After I got an isolated Wayland compositor working last week, I wasn't
really sure what to do next -- this was a big piece of work that I'd
been very focused on for a while. The funding milestone I'm closest to
is to do with implementing hardware isolation, which the Wayland work
was a part of, so I decided to keep going with that, and explore other
types of isolation. More on that in a bit.
Posted my patch for virtio_wl display socket support in
libwayland-server. This is what allows it to run in a VM, and
receive connections from clients in other VMs. The patch description is
very extensive, so I recommend reading it for more detail if you're
It introduces a libvirtio_wl, which should also be useful for porting
other programs that we might want to communicate with across a VM
boundary, if they are written with normal Unix sockets in mind
(including transferring file descriptors).

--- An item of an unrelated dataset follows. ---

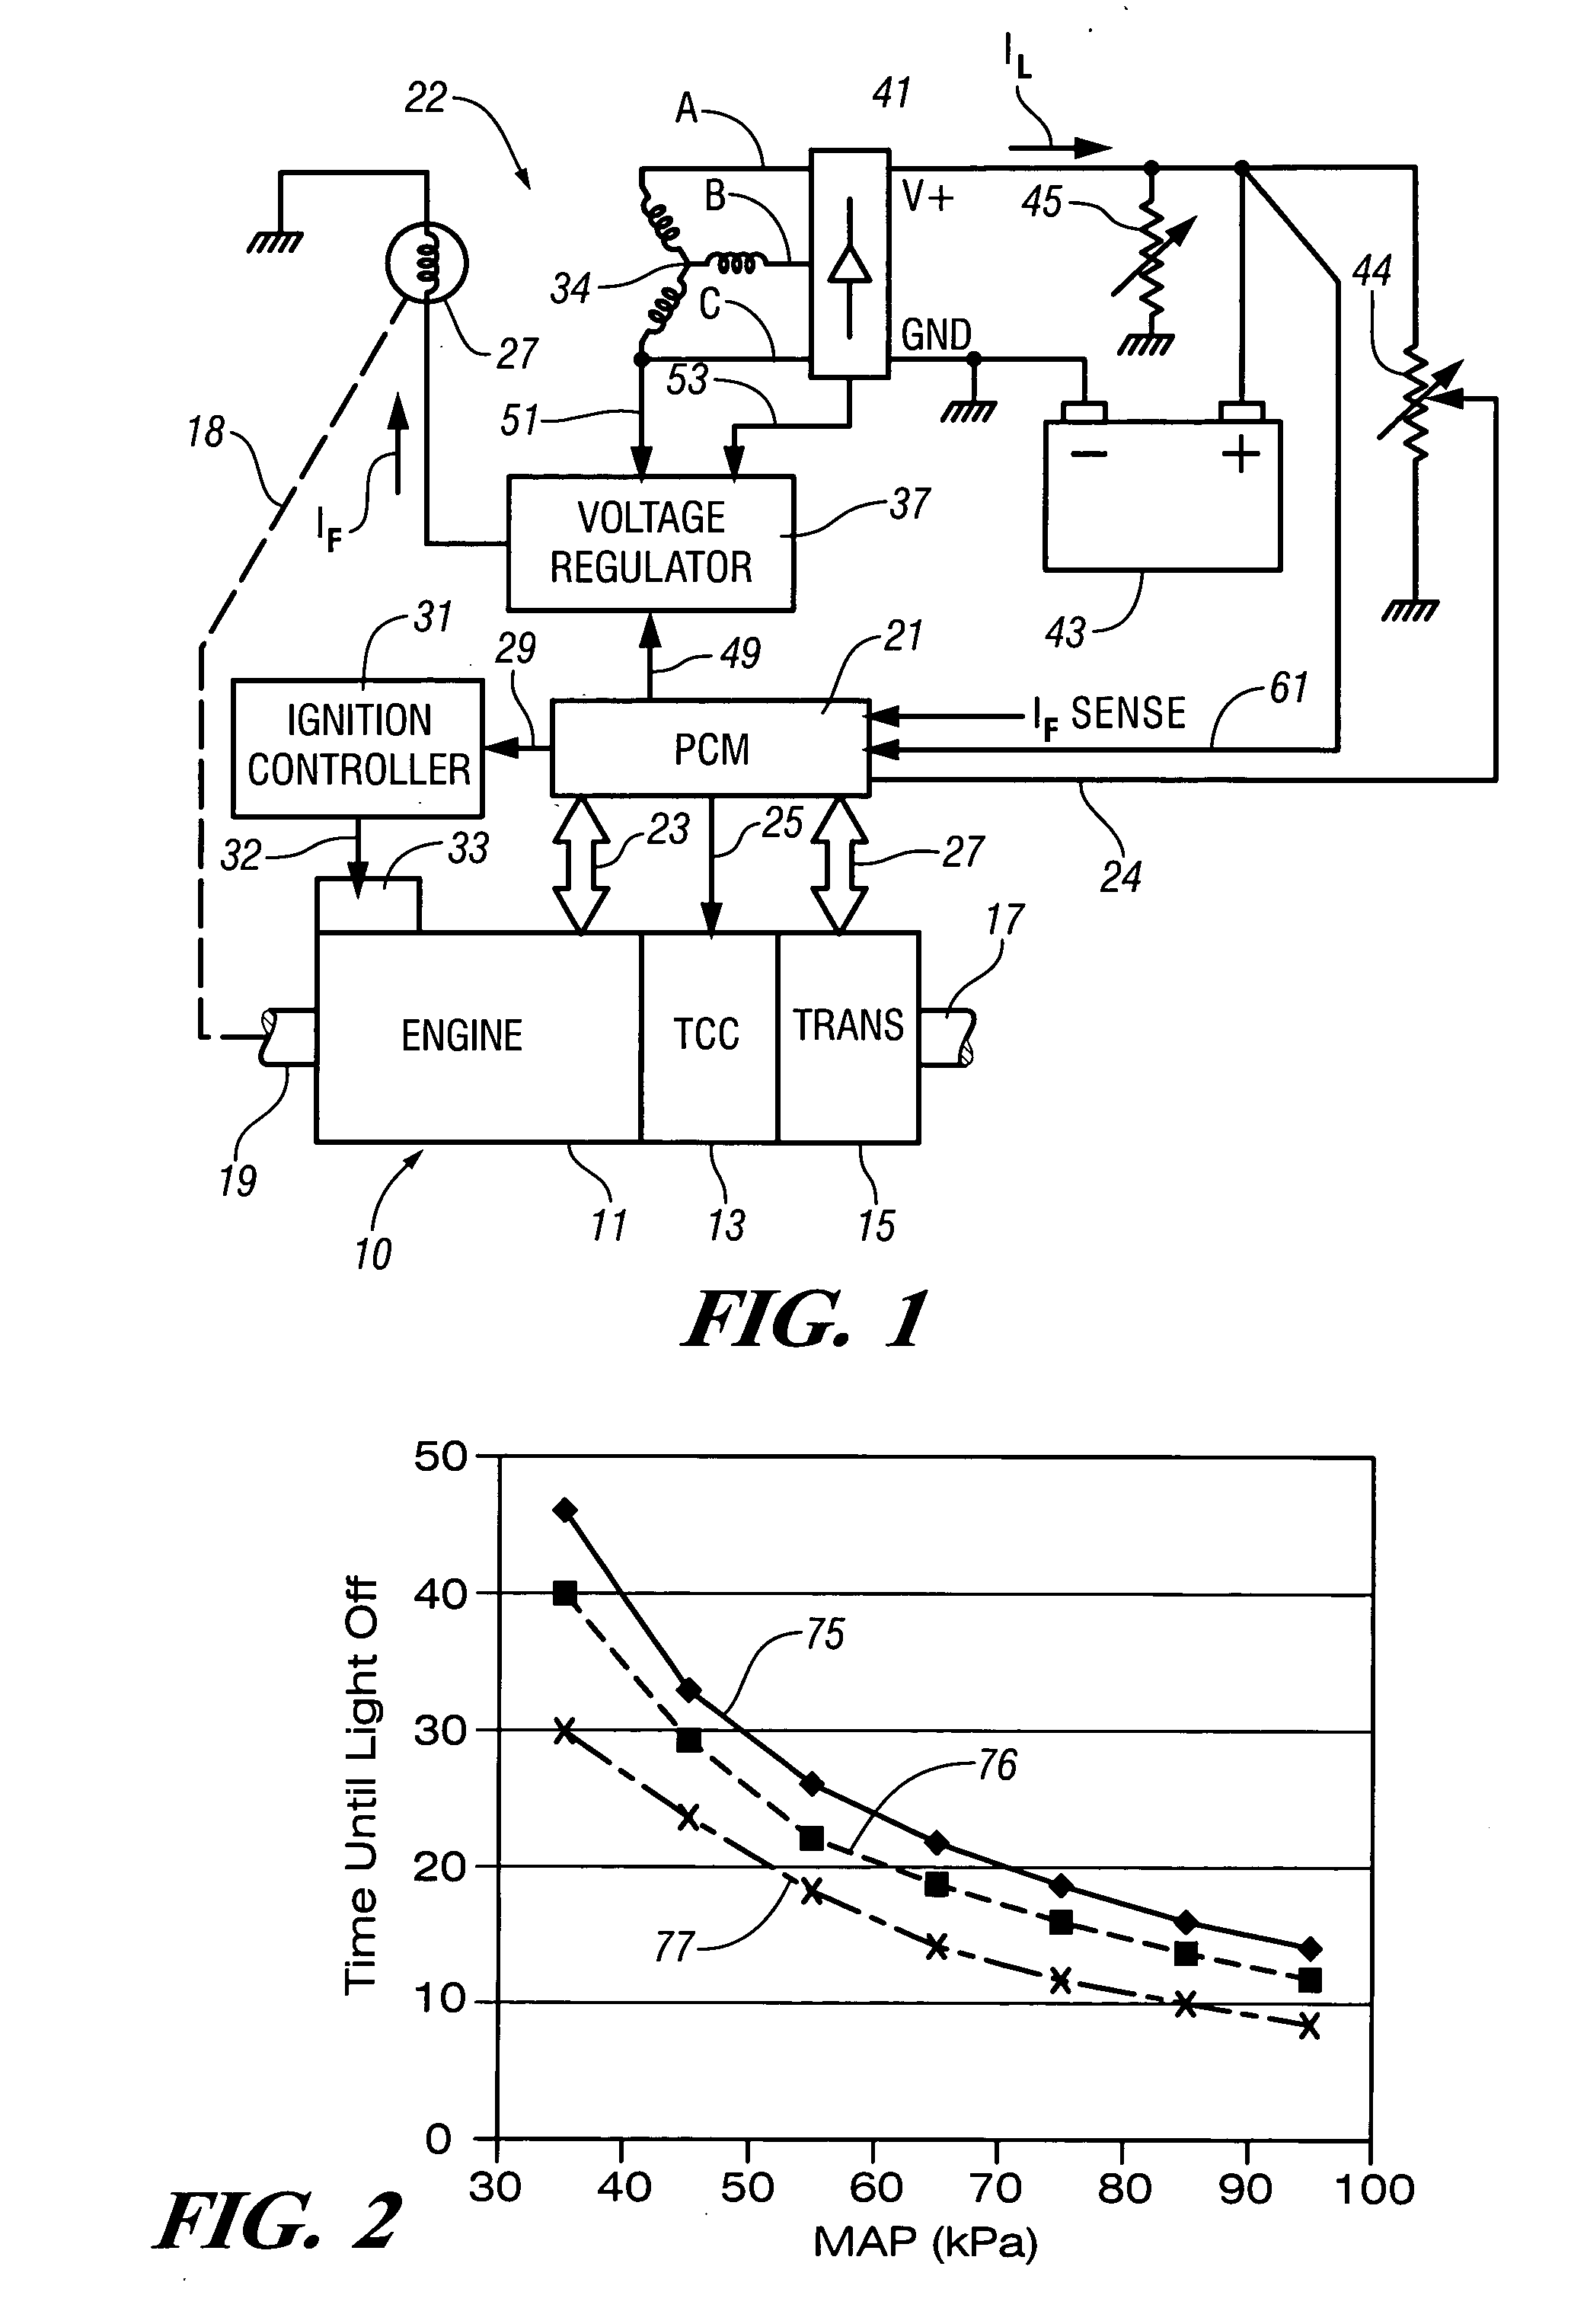 Apparatus and method for accelerated exhaust system component heating

This is the evolution of
code I previously had put in wlroots, moved to Wayland for convenience.
If it ever acquires another user (or maybe even if it doesn't) it might
make sense to make it its own package, since virtio_wl is useful even if
Wayland isn't involved.
I pushed all my crosvm changes to get the isolated compositor working to
the work-in-progress "interguest" branch. Remember, I only got it
working last week right before I needed to start writing the TWiS email,
so I hadn't even done that yet! I also posted some patches to the list
to fix a bug in my previous crosvm deadlock fix, and to improve some
related documentation. As usual, these were kindly reviewed by Cole.
Next, I turned my attention to other forms of hardware isolation.
Wayland was a bit special, because despite crosvm including a virtual
"Wayland device", it's not really hardware, and so it required an
approach to isolation that will be quite different to other crosvm
virtual devices. My hope is that other virtual devices should all be
substantially similar to each other.
The basic idea for actual hardware isolation is that rather than having
drivers in the host kernel for USB, network devices, etc. those will be
exposed to dedicated VMs as virtual PCI devices. This should
substantially reduce host kernel attack surface. crosvm virtual devices
will be run in these device VMs, and communicate over virtio with
application VMs as normal. This will require implementing in crosvm a
virtio proxy device, than allows for the crosvm running an application
VM to forward virtio communication to the virtual device running in
userspace in the driver VM.
(The reason devices aren't attached to application VMs directly but run
in seperate device VMs is that hardware is probably not going to be very
happy if multiple kernels are trying to talk to it at the same time.
Additionally, this indirection means that application VMs only have to
use the one virtio driver for that device category, rather than any of
the hundreds of drivers for different hardware in that category. If one
of those drivers had a vulnerability, this should help to contain it to
the device VM.)
So I started writing this virtio proxy. The basic idea is to copy
virtio buffers from application VM guest memory into memory that can be
shared with the userspace virtual device in the device VM. I can't find
any prior art on this (which is not unusual -- not many systems isolate
drivers in this way), so this has required a lot of looking back at the
virtio paper and spec to make sure I understand what to do here.
As I write this, the next problem to solve is integrating some sort of
memory allocator that can manage buffer allocations in the shared memory
that the virtual device looks at. This is a new area for me that I'd
appreciate advice on if anybody can give it -- think of it like, I have a
memfd, mmaped into my process, and I would like to dynamically allocate
and release memory buffers of dynamic sizes in that region. I'm sure
there's a library I'll be able to plug in for this.
As usual, big thank you to Cole for reviewing patches, and for finding
room for improvement even in languages/areas he isn't familiar with.
It feels nice to have done some thinking about the project at a slightly
higher level than I have been recently, and to know where I am on the
way to the next milestone. Having taken a lot of time away from the
milestone list this year to work on fundamentals, it's good to feel like
I'm getting back on track.